The standard intentionally draws a distinction here between employees and vendors/business partners, creating different requirements for each category of remote access user.  The idea is that you would normally allow system administrators and other employees who need ad hoc access to cardholder systems to connect on an as needed basis.  Allowing this same unrestricted access privilege to vendors and business partners exposes your network to an unacceptable level of vulnerability (at least in the eyes of PCI DSS).

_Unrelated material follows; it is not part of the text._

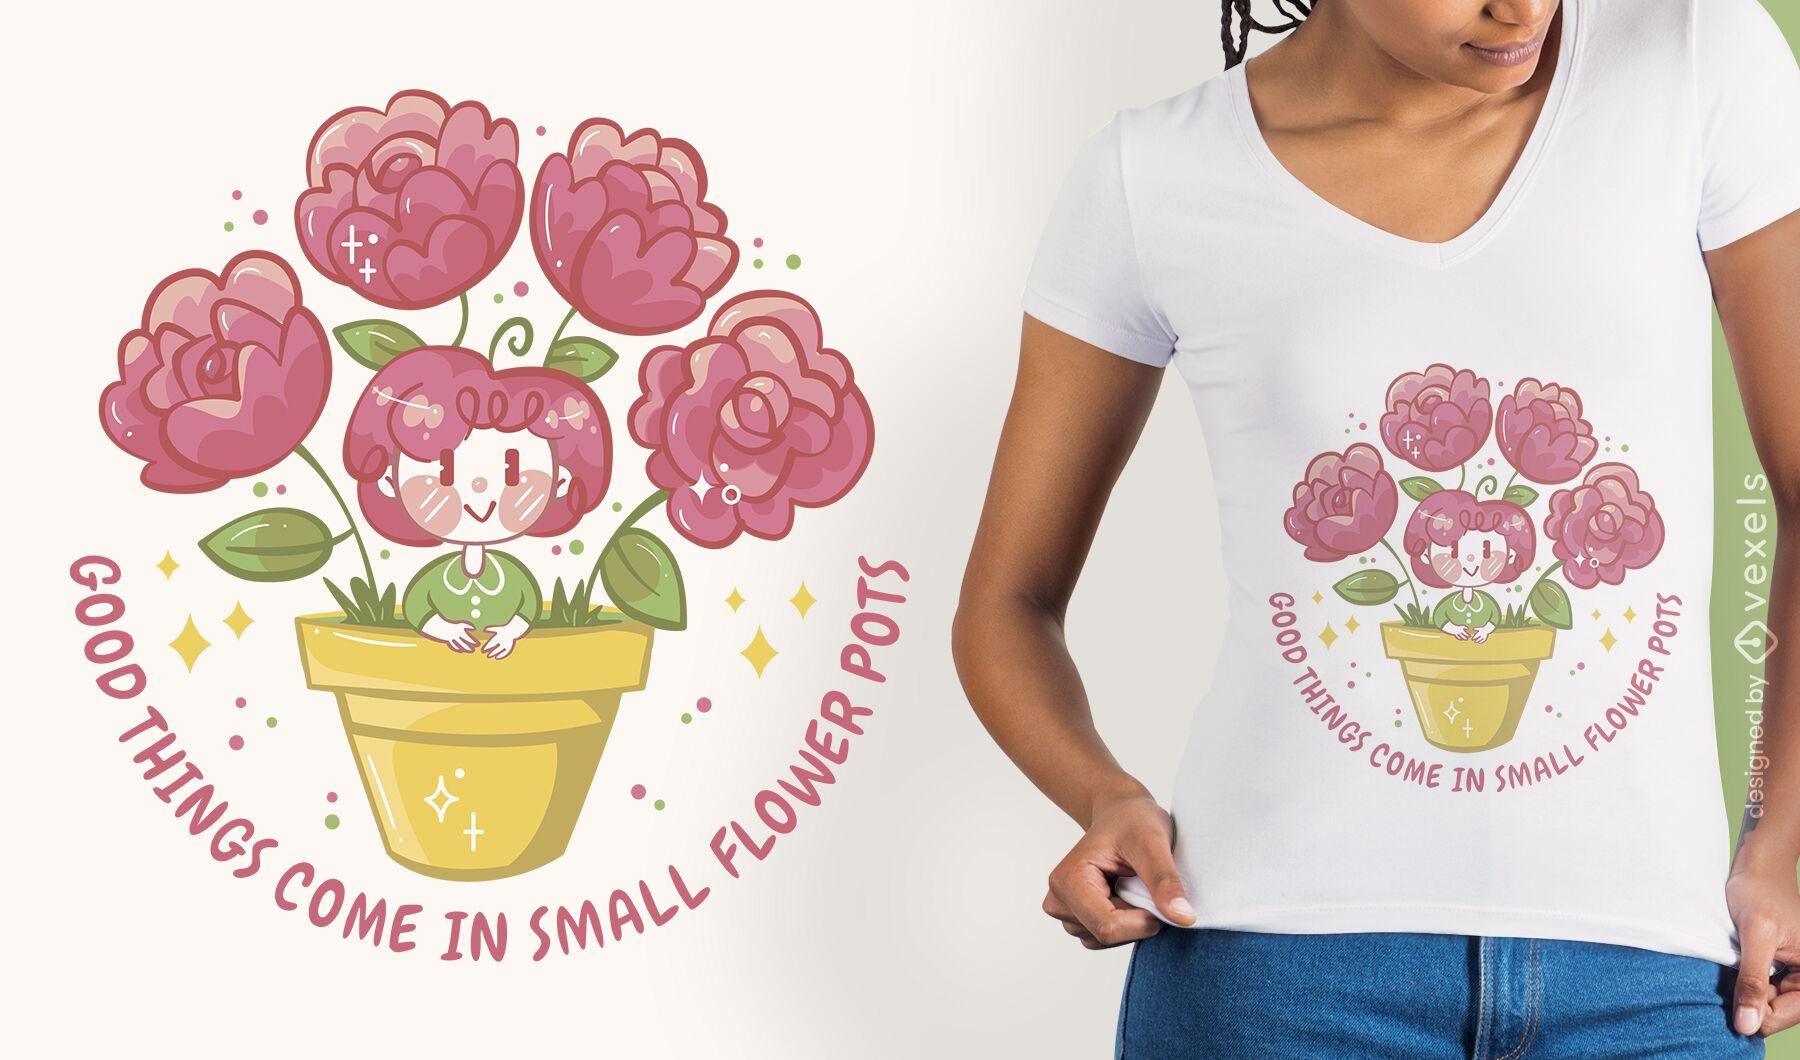 Flowerpot girl t-shirt design

Implementing Requirement 12.3.9

We’ve seen two main ways that organizations meet this requirement.  The first is fairly straightforward – enabling and disabling accounts for only those periods of time that the third party requires access to your network.  The standard doesn’t specify the length of the time window you can open access, but the phrase “immediate deactivation after use” makes it clear that you should be allowing access on a connection-by-connection basis.

The second, more creative approach, is to make innovative use of two-factor authentication, as one organization did.  This group uses keyfob-based authentication for two-factor control.  Normally, keyfobs are issued to individual employees, who may then use them to access the network when needed.  In the case of vendors and business partners, the keyfobs are instead kept at the 24-hour NOC.  Here’s how that works:

  1. Vendors who need access must call the NOC and authenticate using a verbal protocol.
  2. The NOC consults vendor-specific instructions to determine whether additional approval is required.
  3. If additional steps, such as contacting the employee who maintains the vendor relationship, are required by the vendor-specific instructions, the NOC staffer who receives the calls follows those steps.
  4. The NOC operator accesses the keyfob for the vendor’s account and provides the vendor with the code on the fob.
  5. The vendor accesses the network using that one-time password.

The beauty of this approach is that access is automatically deprovisioned as soon as the vendor connects.  The one-time password from the keyfob is no longer valid and the requirement is met!

No matter what approach you choose, remember to implement an audit trail!  QSAs will be looking for evidence that you’re following the process that you’ve designed.  This can be as simple as a paper log in the NOC where you record vendor access requests.

What If That’s Not Feasible?

Cases can arise where 24/7 access by a vendor or business partner is required to meet your business requirements.  If that’s true in your environment, the answer is to identify a compensating control and have it approved by your acquiring bank.  Some examples of compensating controls that you may wish to consider include:

  • Background screening of vendor/partner employees identical to that used for your own employees
  • Real-time notification to administrators when vendor/partner accounts are used.
  • Placing the vendor/partner in a network subnet that strictly limits their access.

When you design your controls, it’s helpful to remember the intent of the rule: providing an added safeguard for accounts that have an inherently higher risk.  If you design with this principle in mind, you’ll be on a great path!